Molecular Docking with SwissDock

Overview

Teaching: 30 min
Exercises: 180 min
Questions
  • How is molecular docking used to screen for small molecule binding?

Objectives
  • Students will explain the file types used in SwissDock.

  • Students will use appropriate inputs and outputs for SwissDock.

  • Students will differentiate between good binding and poor binding in SwissDock.

  • Students will visualize the ligand-protein results from SwissDock and identify key interactions that stabilize binding.

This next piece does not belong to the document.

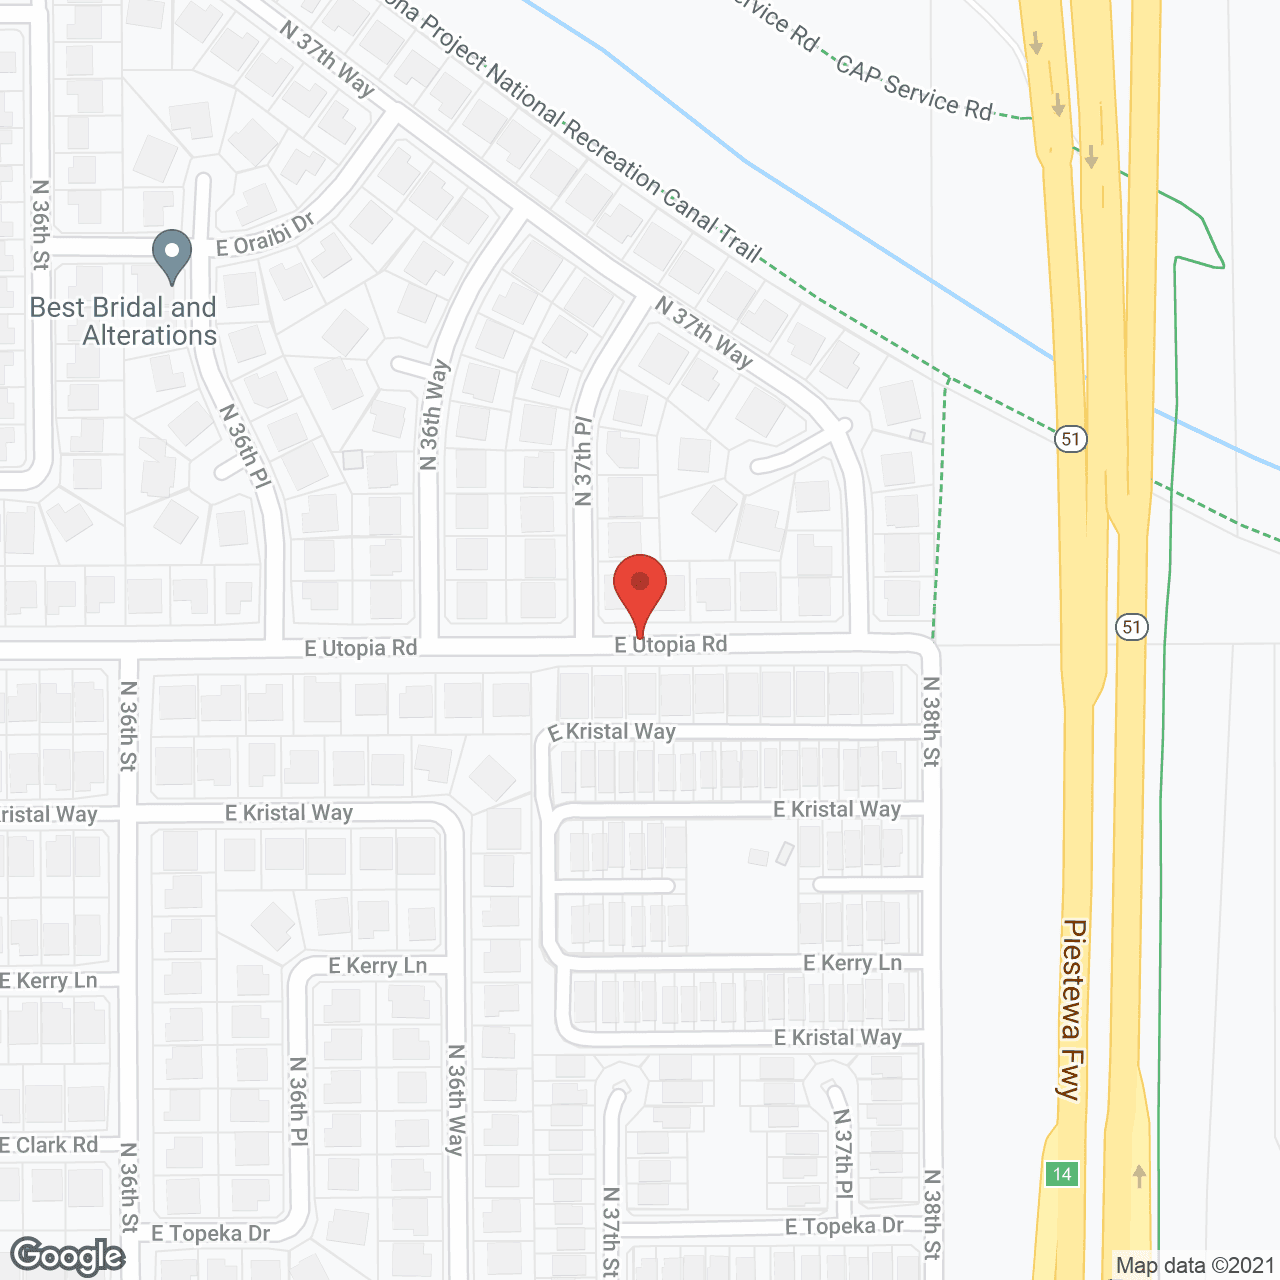 Tatum Glen Adult Care Home in google map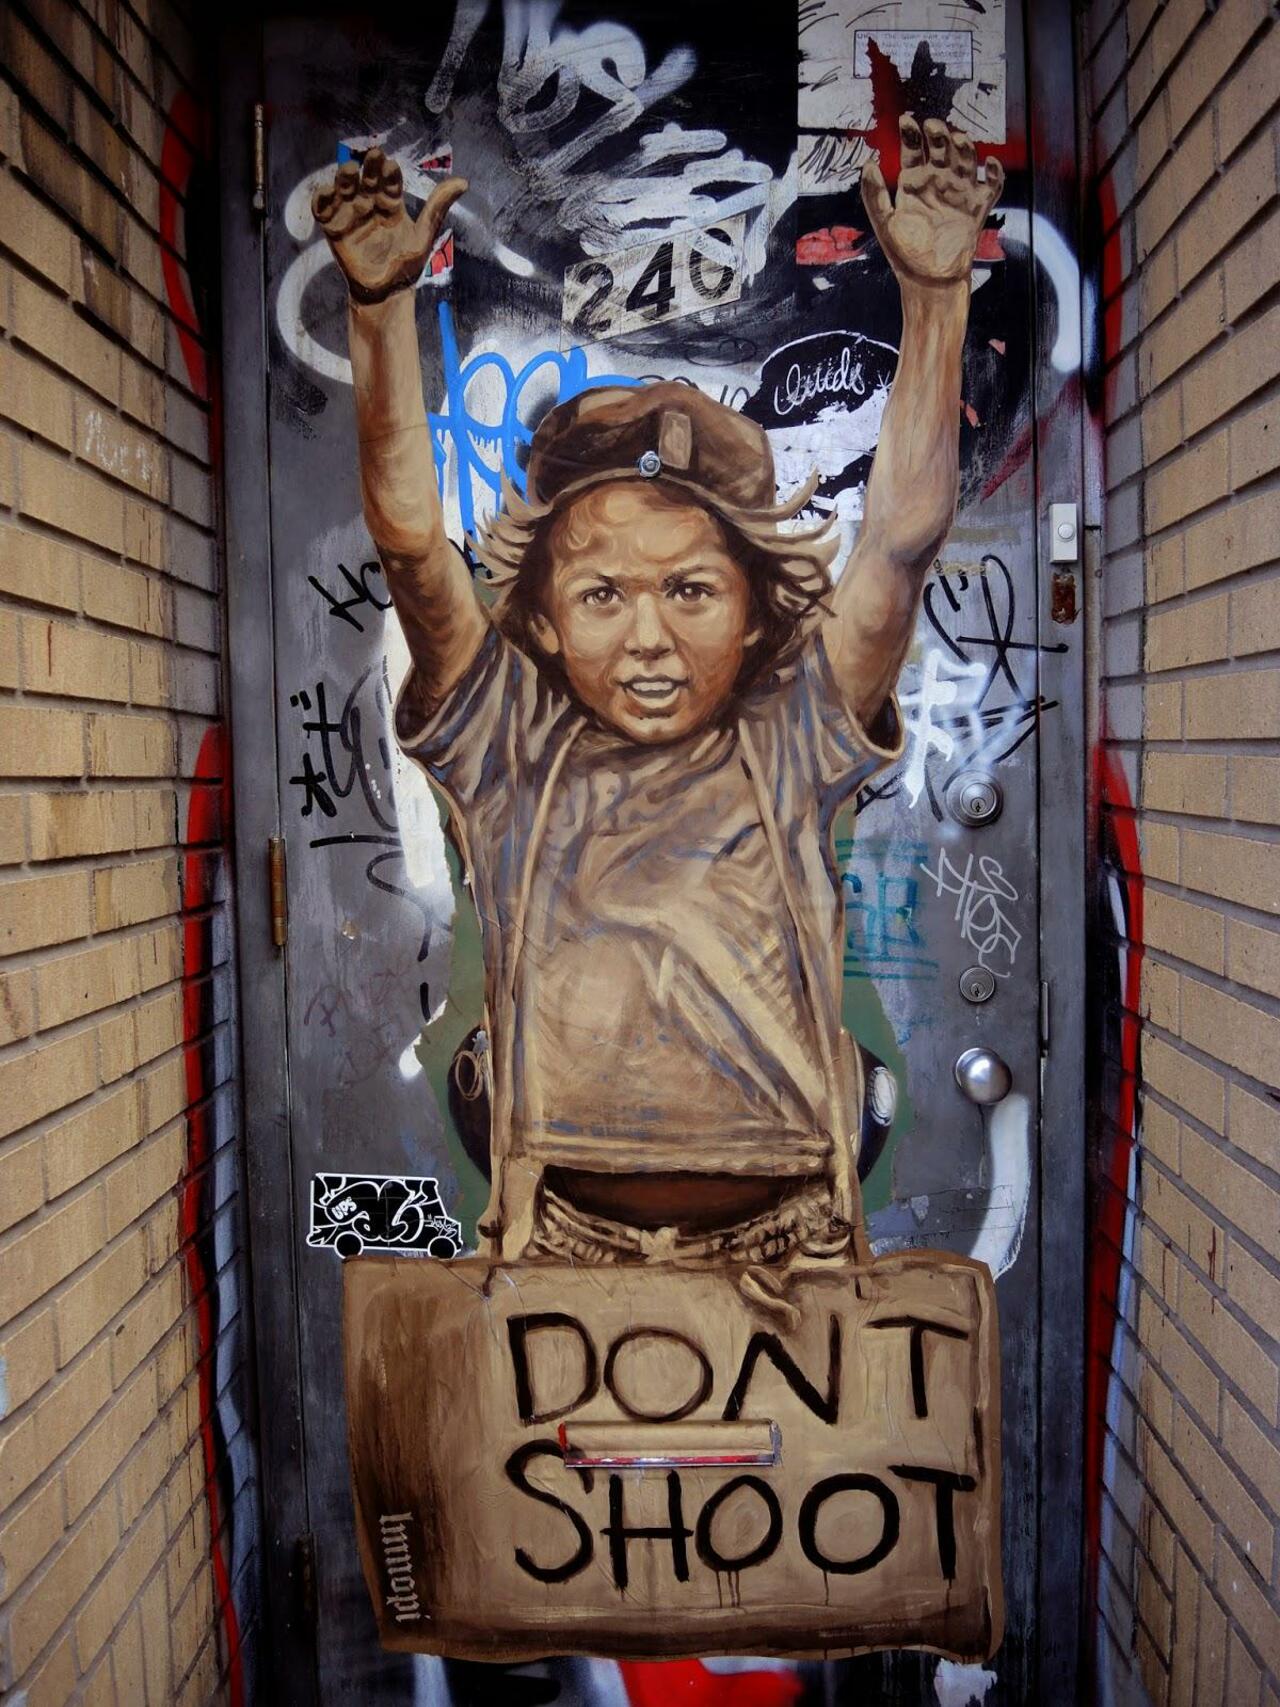 RT @Brindille_: #Streetart #urbanart #graffiti #painting "Hands Up" by Lmnopi (Brooklyn Solidarity with Ferguson) http://t.co/HbvWSV9lmY

Docking Computational science is an increasingly important part of biochemistry. In this lesson, students are taught to use a popular molecular docking software program to probe the function of a protein of unknown function. Students use the PyRx program to run a docking experiment using AutoDock Vina. They analyze the binding affinities calculated and visualize their results with molecular visualization software. This activity aims to increase students’ knowledge of computational science, demonstrate how computational modeling can be a companion to wet lab experiments, and teach students how to interpret results from computational modeling.



Module Resources

Download student module here

Key Points

  • Noncovalent interactions stabilize the binding of ligands to macromolecules like proteins.

  • Ligand binding is complex; chemical modifications to a ligand may not result in changes to the interaction energy due to competing stabilizing and destabilizing interactions.